Apparently, only negotiating joint battle plans for the current round is not enough to really benefit strongly from negotiations. Indeed, we know from personal experience playing Diplomacy that a good player not only negotiates battle plans for the current round, but also looks farther ahead and negotiates future actions. This again confirms our claim that the field of Automated Negotiations should give more attention to the modeling of complex domains, rather than only the development of bargaining strategies.

In [8, 13] negotiations had a stronger positive impact on the respective agents. We think this is because both their agents were implemented by extending the DumbBot with negotiation capabilities, while the DumbBot is not a very strong player. It is likely that negotiations have a much bigger impact on bad players, because good players have less room for improvement.

Furthermore, it is currently still unknown to us why our negotiation algorithm only works well in combination with implicit agreements. We will need to investigate this further in the future.

The most striking result of our experiments, however, is that even when D-Brane does not negotiate it still achieves much better results then DipBlue and Fabregues’ agent, which do negotiate. From this we draw the very important conclusion that in some cases successful negotiation may depend more on the way the underlying domain is tackled, rather than on the applied bargaining strategy. We therefore argue that future research in the field of Automated Negotiations should put more emphasis on domains where calculating the utility values of potential deals is a complex task. In realistic negotiation settings one simply cannot assume that an explicit representation of the utility functions is given and easy to calculate. Instead, negotiation algorithms should apply more sophisticated forms of reasoning to determine which deals are profitable.

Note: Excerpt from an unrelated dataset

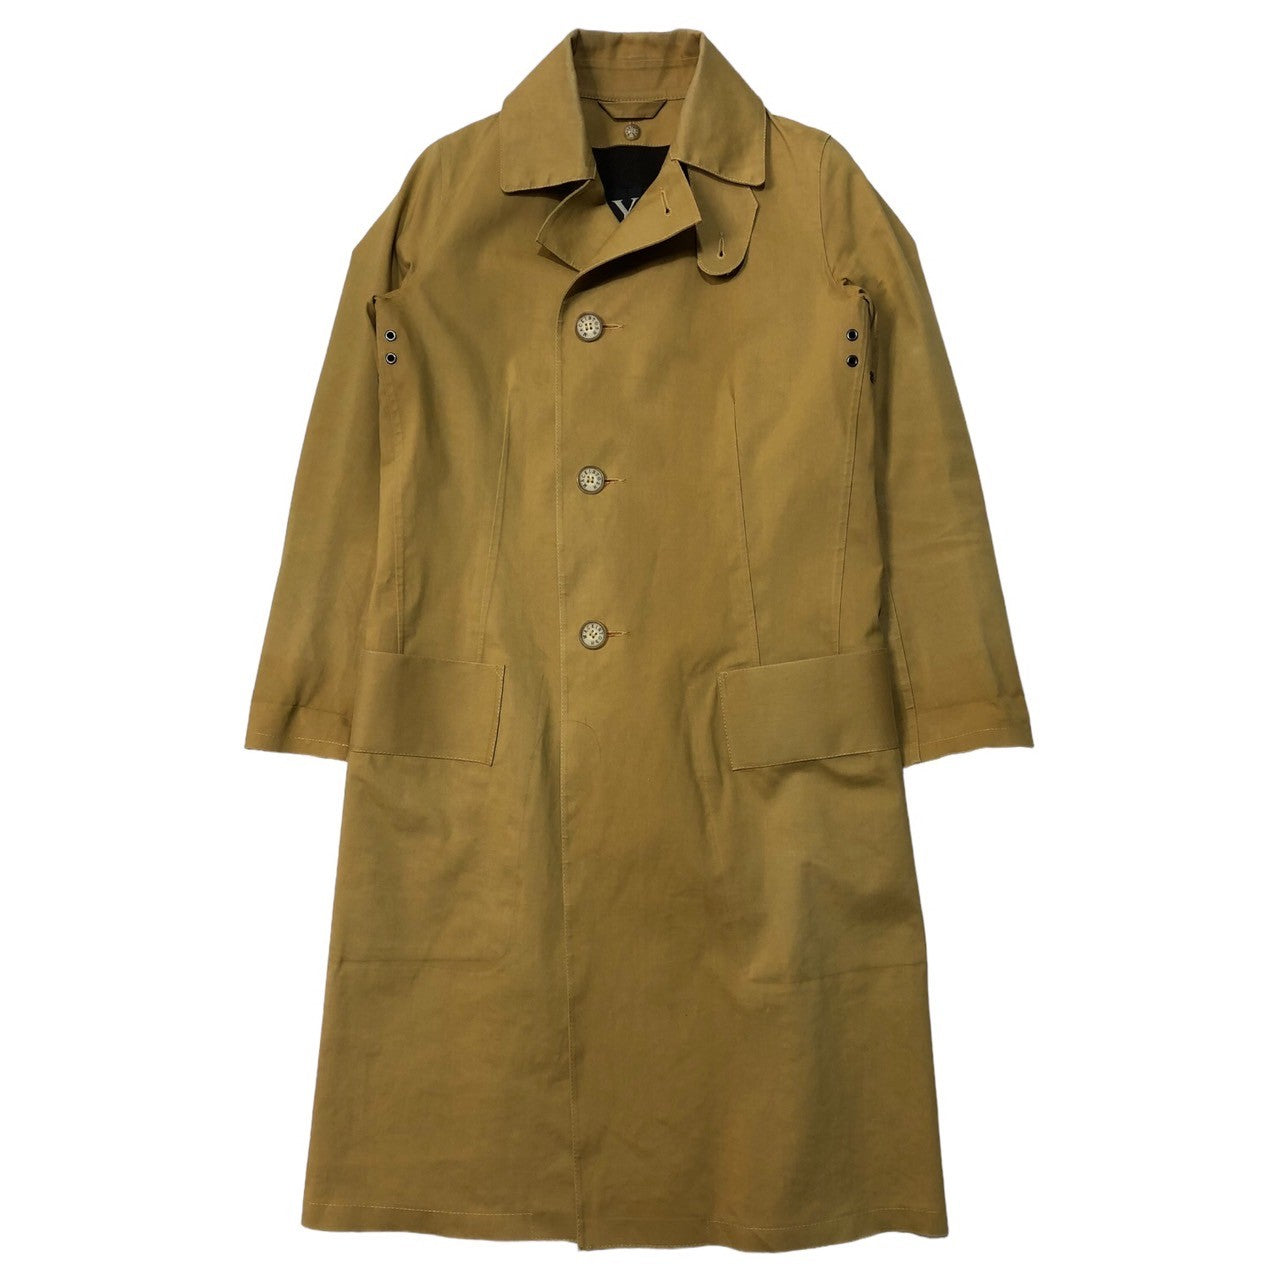 Y's × MACKINTOSH(ワイズ × マッキントッシュ) rubberized soutien collar coat coat ゴム引き ステンカラー コート YM-C91-003 SIZE 1(S) ベージュ トレンチ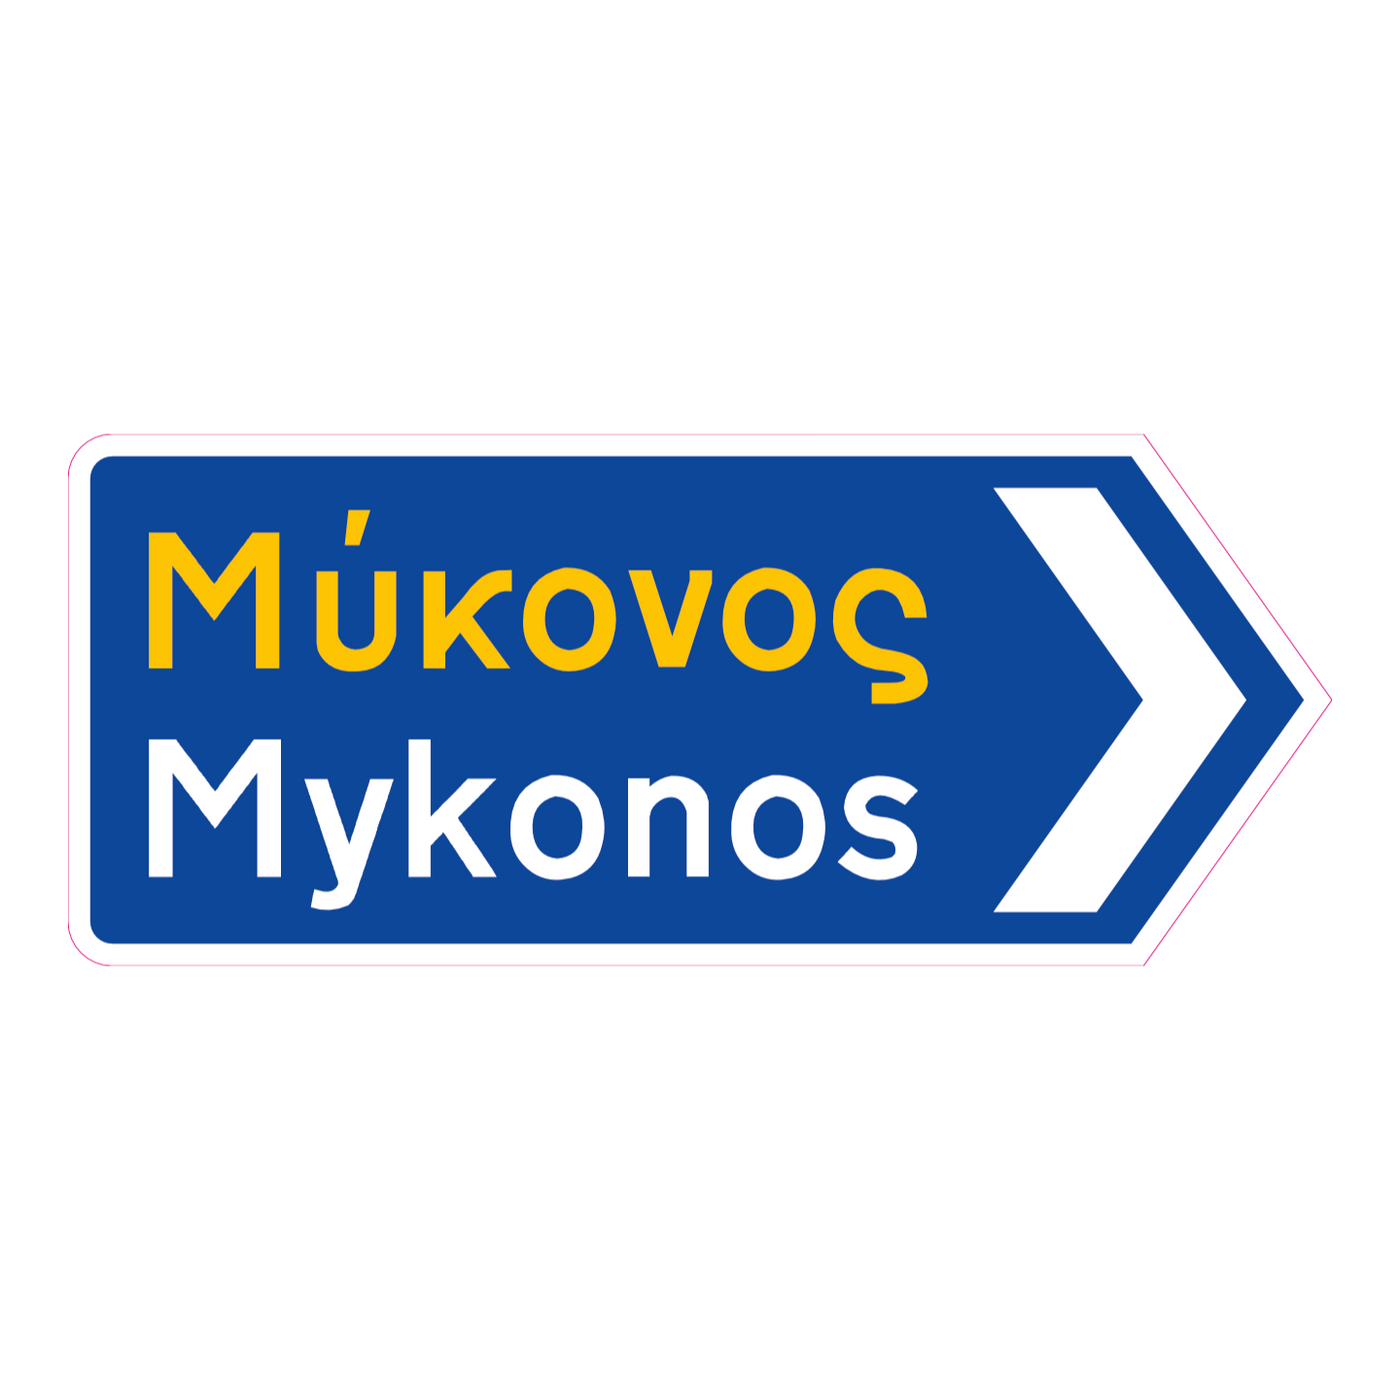 Mykonos Greek road sign

We think that D-Brane will be very important for future negotiations research, because it allows researchers to compare their algorithms not only with the DumbBot but also with our much stronger agent. We have included the strategic component of D-Brane in the BANDANA framework, so that other researchers can implement their own negotiation algorithms on top of the strategic component. This will have two main advantages. Firstly, it will make it easier for new researchers to develop negotiating Diplomacy players as they will not have to waste time on the development of a strategic player. Secondly, if they do have access to another strategic component, it will allow them to compare to what extent their negotiation algorithms depend on the underlying strategic component.

We also think that D-Brane can be very useful for researchers who would like to use Diplomacy to study the topics of Trust, Coalition Formation, and Argumentation Based Negotiation. They could use the strategic module of D-Brane as the basis for their algorithms so that they do not have to build an entirely new agent from scratch.

So far, we have not compared D-Brane in any way with human players. It would be very interesting to see to what extent D-Brane makes moves that are similar to those of expert players and how well it plays against humans. For this however, we need to set up an environment that allows humans to play against software agents and negotiate with them. Also, we would need some tools that allow experts to analyze the moves made by D-Brane afterwards. Part of this infrastructure already exists, but it is currently not ready to perform such experiments. Therefore, we have to defer such experiments to the future.

Furthermore, we are planning to further develop D-Brane’s negotiation algorithm so that it may make more sophisticated deals rather than just battle plans for the current round. We will make D-Brane think more steps ahead instead, which will not only improve the strategic play, but will also allow for more interesting deals, because deals may then involve orders made in several rounds, rather then just the current round. Also, we plan to endow the DumbBot with our negotiation algorithm, to see if negotiations in that case have a greater impact.

Finally, we would like to see if our approach for solving COGs indeed can be generalized. We may for example define games in Game Description Language (GDL) [14] so that the strategic component can decompose the game into micro-games at runtime.